No-body. No-thing. No-one. They reached into every corner with clumsy hands, wondering if they will contact an invisible man. But he never appeared. He never faded into sight as he should have. It left the halls near his rooms emptier than when the ghost that haunted them walked the silent, confusing paths. It made Pyro incredibly sad for a reason they could not yet discern.

Where did you go, they thought miserably, knowing where he went in their heart yet not their mind. Silent, empty, gone. If only they could find him in these empty rooms and empty halls, the ghost that haunted them absent.

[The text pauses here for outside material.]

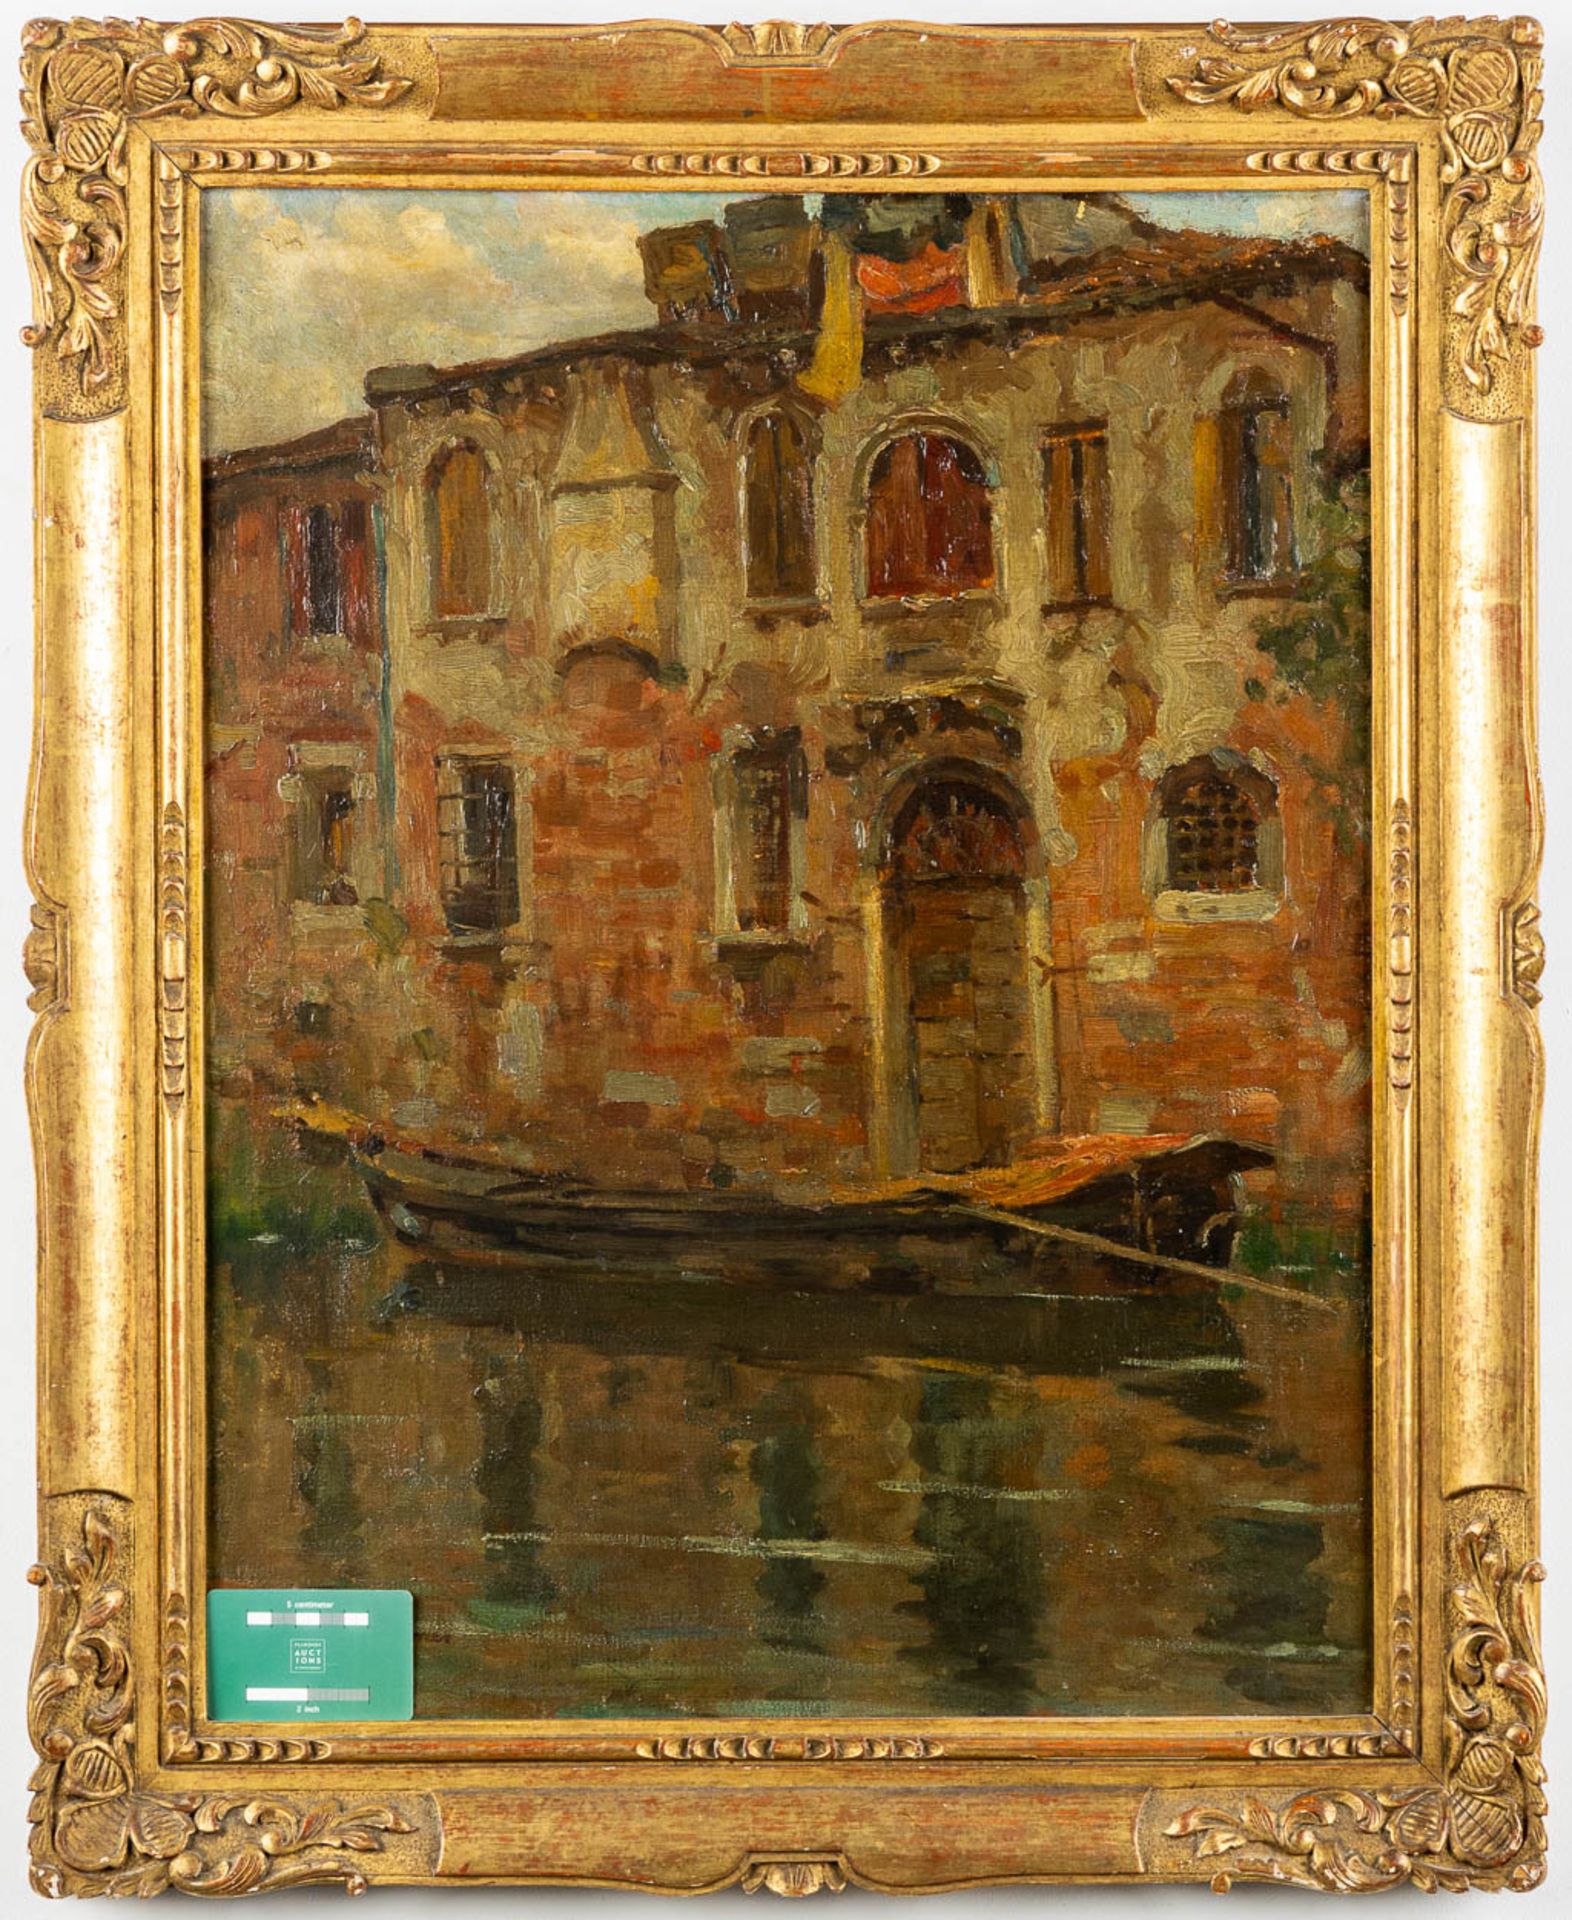 Isidore OPSOMER (1878-1967) 'Ship in the canal' oil on canvas. (W:50 x H:65 cm) - Image 2 of 6

They would pull him away from the cold concrete floors and bring him into the smoking room; they would pull him to the floor to sit on the lush carpet, ignoring his spitting and hissing, and would tell him the most wonderful stories in return for all the times that Spy had told them his stories.

He would calm down, listen, never wavering from that light, attentive expression that overtook his annoyance within flickering moments. He would smile. He would laugh. And in that dream, it is as honest and wonderful as anything they could ever imagine.

In that dream, he is found. He comes back. Pyro knows that Spy has never been very good at coming back to the things he runs from, but it was still the principle of the matter. The trust, that he would eventually come back, no matter how long it has been or how much has changed. All that you ever needed to give a Spy was trust.

Still. That didn’t change the cold of the room, heavy with silence, sinking in their chest as a block of ice. Fire had burned in here for as long as they could remember. Never before, not in the last ten years, could they remember it dying.

Their hands lingered near the ash. Pressed into it, past the half-memory of an invisible man. He wasn’t there. He should’ve been.

Notes:

I just think pyro and spy could be good friends. The kind of friends that can spend years separated and come back like nothing had happened at all, despite how much they’ve changed or how much time had passed. I just think they’d have a platonic romance for the ages, thats all.

(I am of the opinion that platonic romance is sometimes much better than actual romance in displaying the depths of love. Very little needs to be said; when you have a friend and you’ve not seen one another in years, could you come back and say hello and know you’ll be welcomed?)